5. Data using organizations don’t get distracted.

Written by Raleigh Gresham

Data using organizations are not distracted by technology. They acknowledge it has a huge role in data use, but not THE role. Data using organizations can do more with SQL and Excel than most complexity advocates and vendors want them to believe. They task technology to strengthen and enrich what happens after the analysis not make the management of data easier.

Data using organizations fight against sexy-tech for the sake of sexy-tech. If there’s a vendor selling it, a data using organization is skeptical. They know bleeding-edge toys are powerful but that they can distract them. They evaluate all tools through the lens of hunting down action.

Data using organizations are not interested in the academic game of defining Big Data, the debate over the effectiveness of visualization techniques, the arguments over data science’s role, or the fights over competing approaches to data architecture. They master the recipe of technology and analytics, using the appropriate mix of each to create the perfect action hunting ecosystem.

Data using organizations pledge no allegiance to a specific tool, technology, or approach. SAS, R, OBIEE, Microsoft Access, Business Objects, Tableau, an abacus . . . they would choose a stone tablet over any of them if it meant creating to-do lists faster. If a smoke signal gets people moving, they use it. Big or little data, structured or unstructured, distributed computing or not – data using organizations are happy with each of them when they complement getting past the analysis, not distract from it.

Data using organizations are not distracted by the push to use and master every analytical tool available. They know what they know and can confidentially solve the vast majority of the problems they encounter with the small set of tools they’re comfortable with – even if these tools aren’t the most efficient, most expensive, newest, or most popular. They let their analysts be like experienced craftsman, each with a well curated and limited set of tools they use based on what works for them and what doesn’t.

Data using organizations tend to play with data more than they analyze it and avoid the distracting aspects of data environments that make playing hard. They think like hackers and prefer “development” environments where they can go against convention to answer tricky questions in rule-bending ways. They need the freedom to change the approach on the fly and see the impact quickly. The laws of traditional business intelligence frustrate them and the requirements of production level data environments, while necessary for classical reporting, hold them back. Data using organizations build and work in data playgrounds.

Data using organizations are not distracted by the data “unicorns” the Harvard Business Review writes about. They ignore the hype surrounding data in today’s popular press. They’re not interested in winning the analytical lottery. They don’t expect to cure cancer with every data set and analysis. They don’t demand or require PhD math backing, and instead lean on everyday analytics and techniques because of their effective simplicity – simplicity that makes for exciting actions not necessarily exciting journalism.

Data using organizations are less passionate about decimal places, confidence intervals and significant digits than they are about getting a to-do list in the right person’s hands. Unless they’re landing airplanes or selling pacemakers, they don’t let perfection become an excuse. They recognize most data sets and models can’t scientifically achieve absolute perfection.

Data using organizations don’t wrestle with data incompleteness and are immune to outlier paralysis, not letting 3% of cases render data or systems useless.

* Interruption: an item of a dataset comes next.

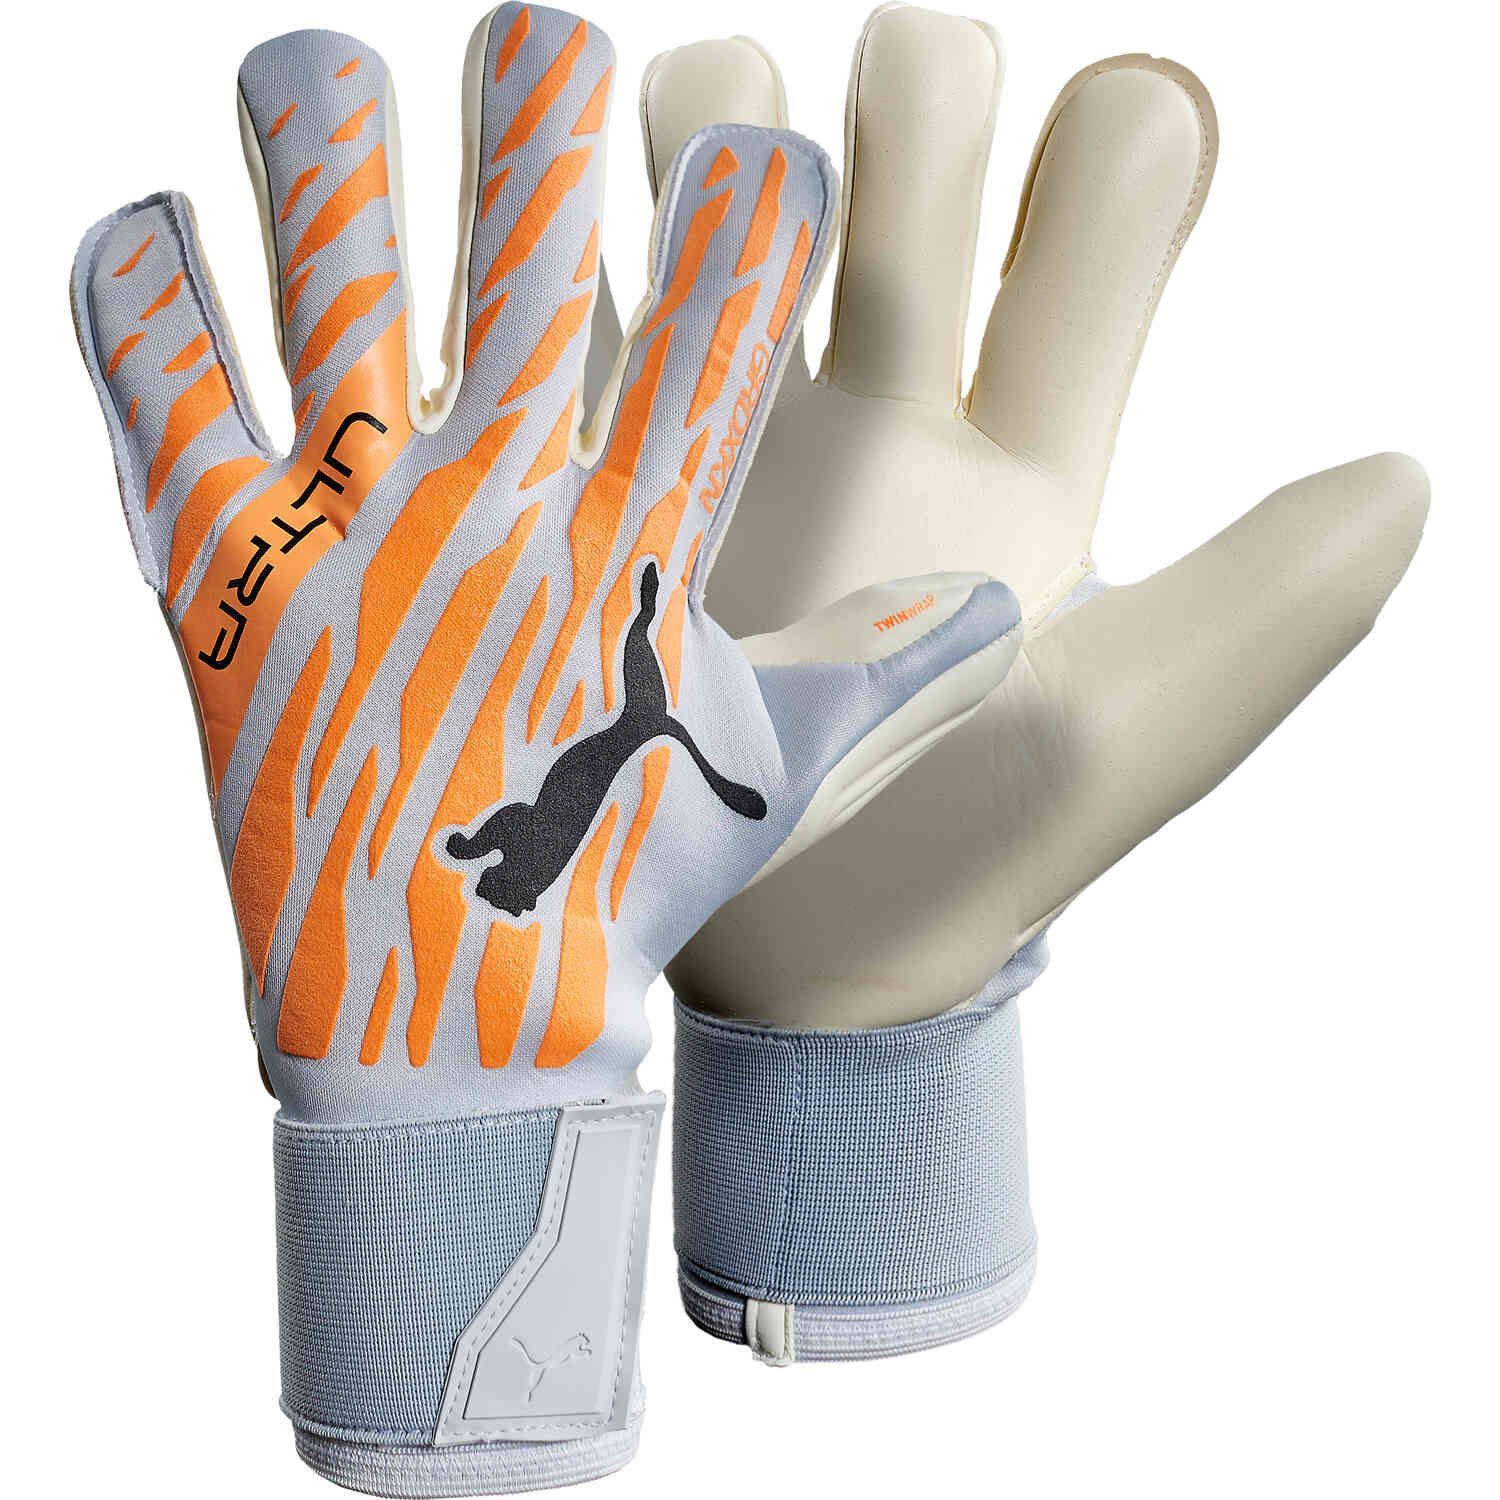 PUMA Ultra Grip 1 Goalkeeper Gloves - Live Wire, Diamond Silver Black - Soccer

They accept and design for the norm of 80% accuracy, 80% population representation, and 80% completeness – they use what they’ve got and get going. This simultaneously frees up time and resources while empowering the data to do more.

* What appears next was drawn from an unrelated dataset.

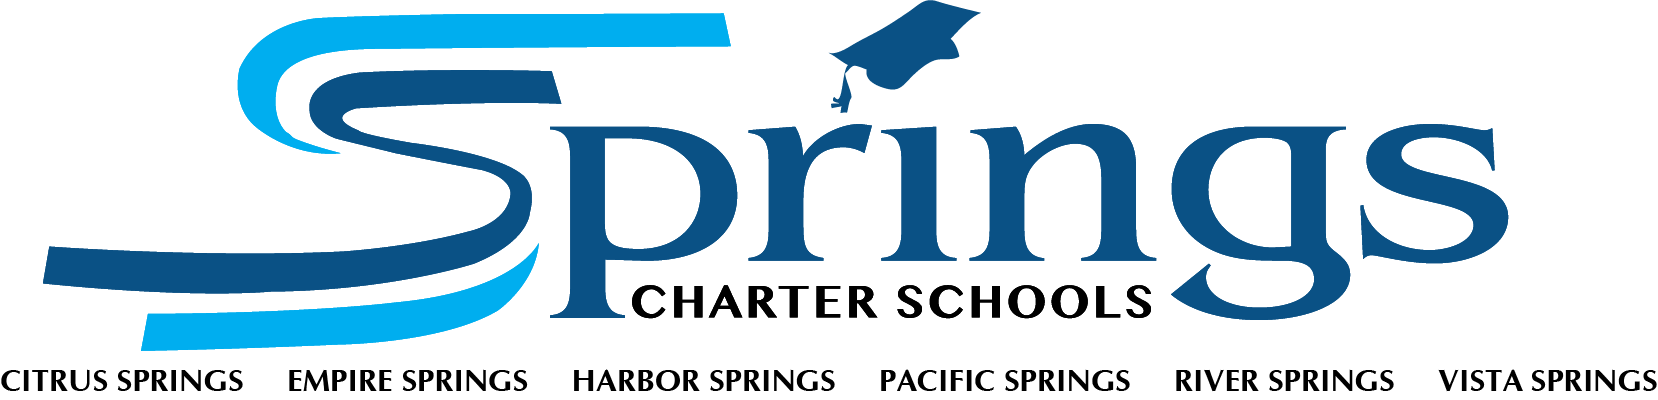 Springs Charter School logo

Data using organizations work with what they have. They bootstrap. They hack. They do anything to keep from waiting for something better to come along before they use data. Budget plays little role in a their ability to use data. Data users don’t let one more variable, one more row of data, one more type of chart, one more byte of processing speed, or one more team member distract them.

Data using organizations are comfortable with the wild nature of data and work with what the data gives them. They don’t try to force the data to be something it isn’t, spending very little time trying to teach it tricks or behave in certain ways.

Data using organizations start as manually as possible. They learn to feel the rhythm of the data and the analysis before automating it. They don’t let the scalability of what they’re doing distract them too early.